- DOJ and FTC’s Antitrust Division Issue Hiring and Compensation Guidance for Human Resource Professionals
- December 21, 2016 | Author: James I. Serota
- Law Firm: Greenberg Traurig, LLP - New York Office
On Oct. 20, 2016, the United States Department of Justice, Antitrust Division and the Federal Trade Commission issued antitrust guides for human resource professionals. The guides are intended to alert human resource professionals and others involved in hiring and compensation decisions to potential violations of the antitrust laws. In connection with this guidance the Federal Enforcement Agencies issued the following “red flags for employment practices”:
- agreeing with another company about one or more employees salaries or other terms of compensation;
- agreeing with another company to refuse to solicit or hire another company’s employees;
- agreeing with another company about employee benefits;
- agreeing with another company on terms of employment;
- discouraging competitors from competing too aggressively to recruit employees;
- exchanging company-specific information about employee compensation or terms of employment with another company;
- participating at a meeting such as a trade association, where the above topics are discussed;
- discussing the above topics with colleagues at other companies, including during social events;
- receiving documents that contain another company’s internal data about its employee compensation.

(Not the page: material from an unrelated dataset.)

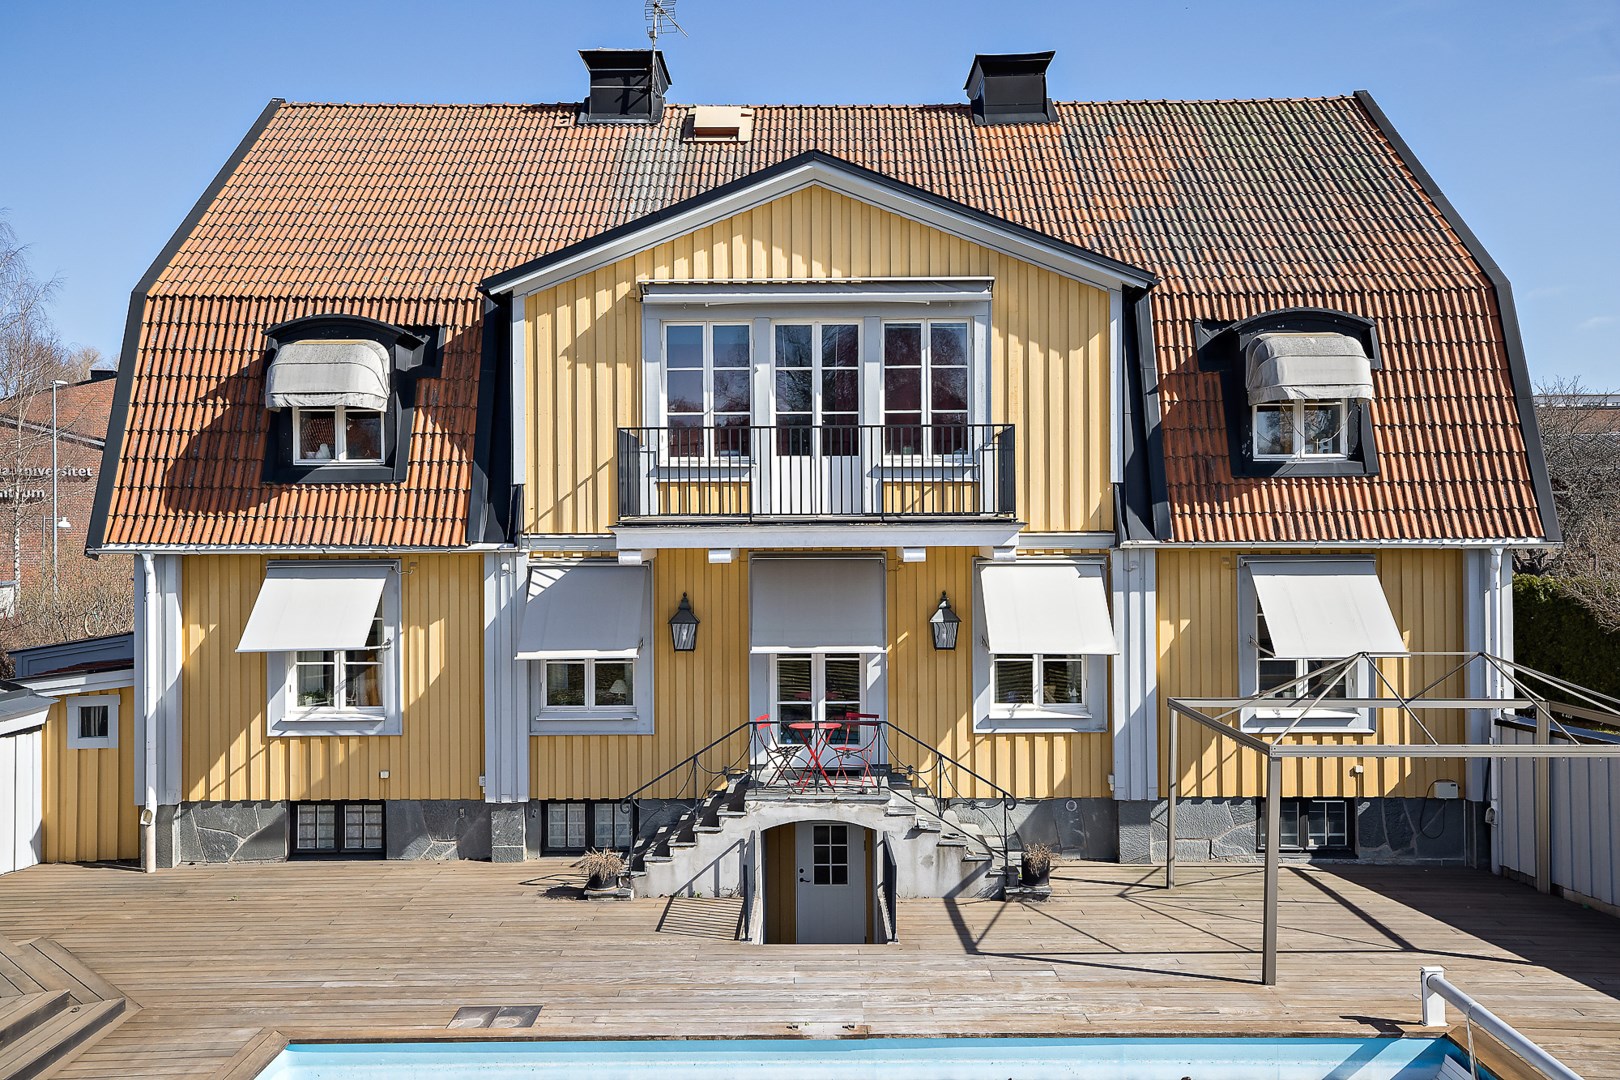 Bostadsbild från Villavägen 19, Kommande i Kåbo, Uppsala
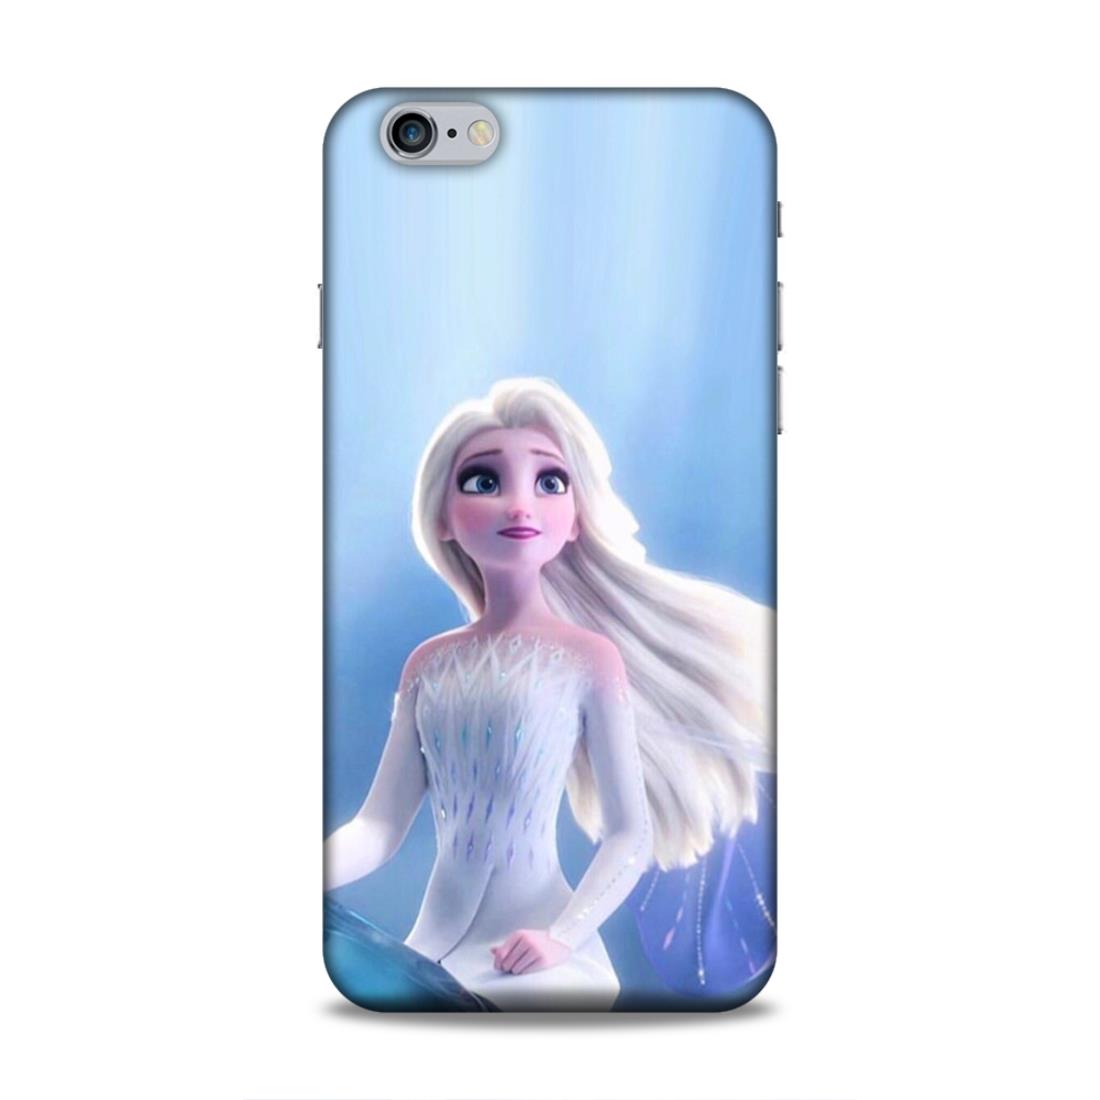 Elsa Frozen Hard Back Case For Apple iPhone 6 Plus / 6s Plus

These warnings and guidelines are particularly significant for professionals engaging in mergers and acquisitions. Even if participants in an information exchange are parties to a proposed merger acquisition, there is antitrust risk if the shared information is about terms and conditions of employment. In view of this guidance and red flags, parties engaging in merger discussions, drafting of letters of intent, or due diligence activities should use particular care in sharing information regarding employment data, as the government has explicitly warned that the sharing of information (particularly where it is not specifically limited to what is necessary to complete the merger and acquisition discussion or acquisition) may be subject to criminal prosecution.